Le souper étant prêt, je cherchai des yeux André Fairservice, mais personne n’avait vu ce fidèle serviteur depuis le commencement du combat. L’hôtesse cependant me dit qu’elle croyait qu’il était dans l’écurie, mais que ses enfants et elle-même l’avaient appelé sans pouvoir en obtenir de réponse. Elle m’offrit de m’y conduire, ajoutant qu’elle ne se souciait pas d’y entrer à pareille heure. Elle était seule, elle était femme ; on savait bien comment l’esprit de Ben-ye-Gask avait traité la fermière d’Ardnagowan. Son écurie passait pour être hantée par un esprit, ce qui était cause qu’elle n’avait jamais pu garder un palefrenier.

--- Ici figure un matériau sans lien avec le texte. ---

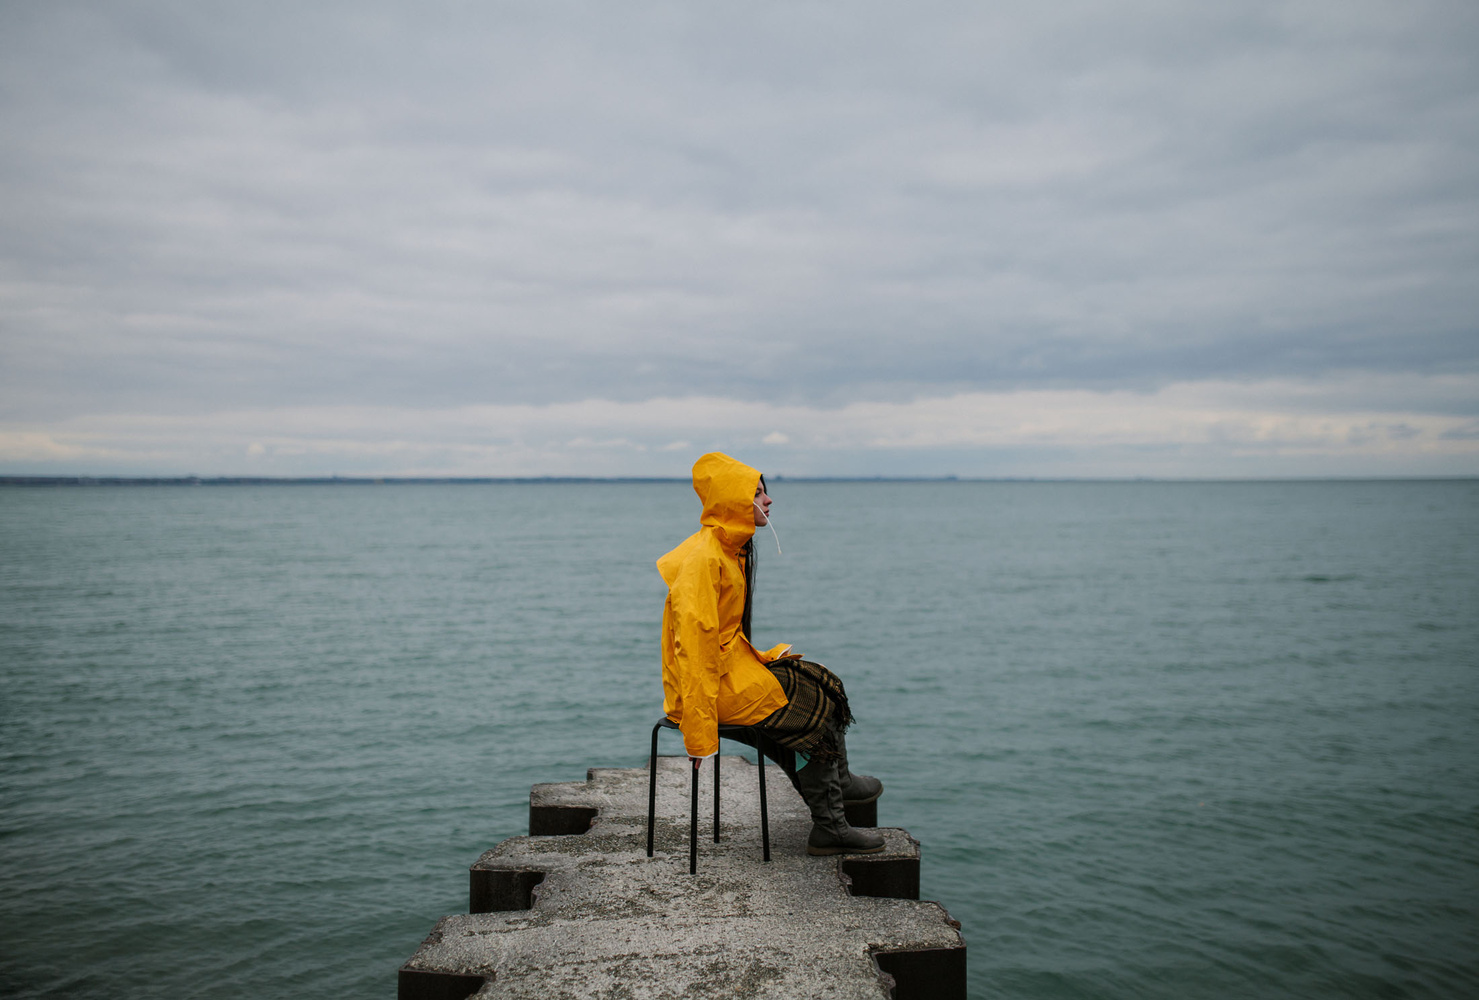 Little yellow Riding Hood by Ian Pettigrew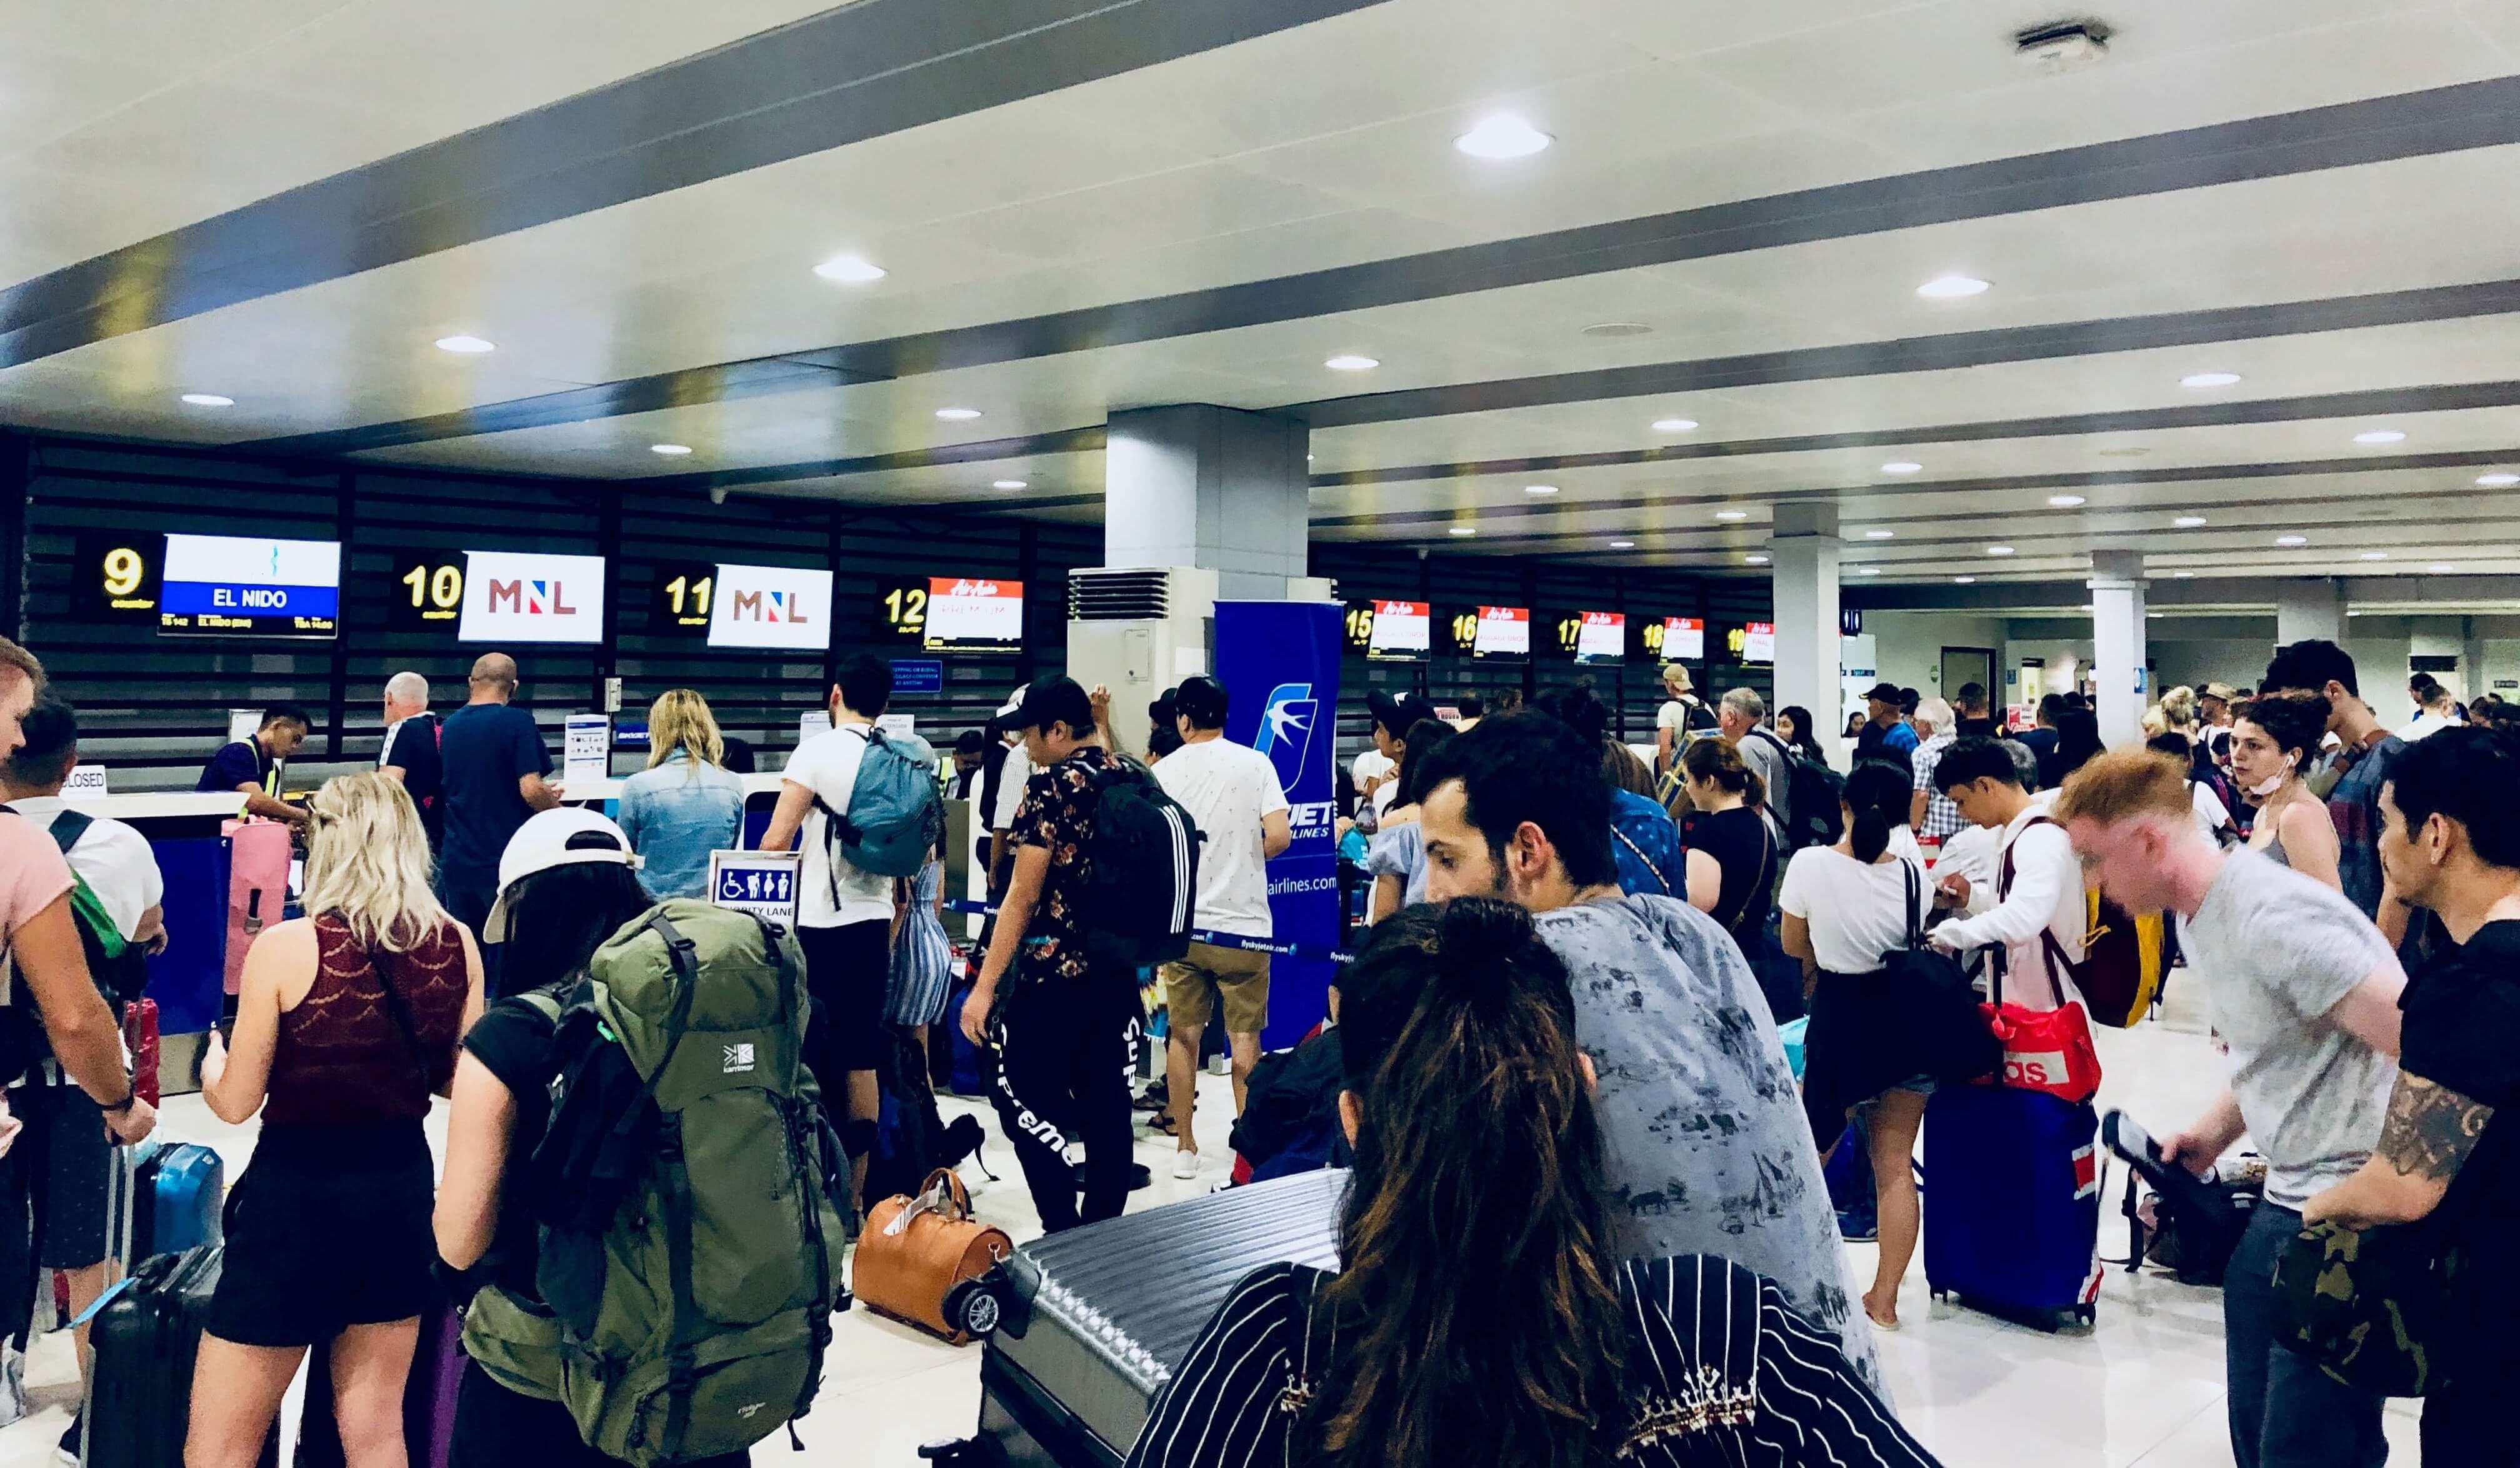 Flughafen Manila Terminal 4

Cependant, prenant une lumière, elle me conduisit vers le misérable hangar sous lequel nos pauvres chevaux se régalaient d’un foin dont chaque brin était aussi gros qu’un tuyau de plume d’oie. Là elle me prouva clairement qu’elle avait eu pour me faire quitter la compagnie, un autre motif que celui qu’elle avait prétexté. « Lisez ceci, me dit-elle en me glissant dans la main un morceau de papier plié. Dieu soit béni, m’en voilà débarrassée ! quelle misère que d’être entre des soldats et des Saxons, des pillards et des voleurs de bestiaux, toujours entre des rixes et du sang ! En vérité, une honnête femme vivrait plus tranquille dans l’enfer que sur la frontière des montagnes. »

En parlant ainsi elle me remit la torche et rentra dans la maison.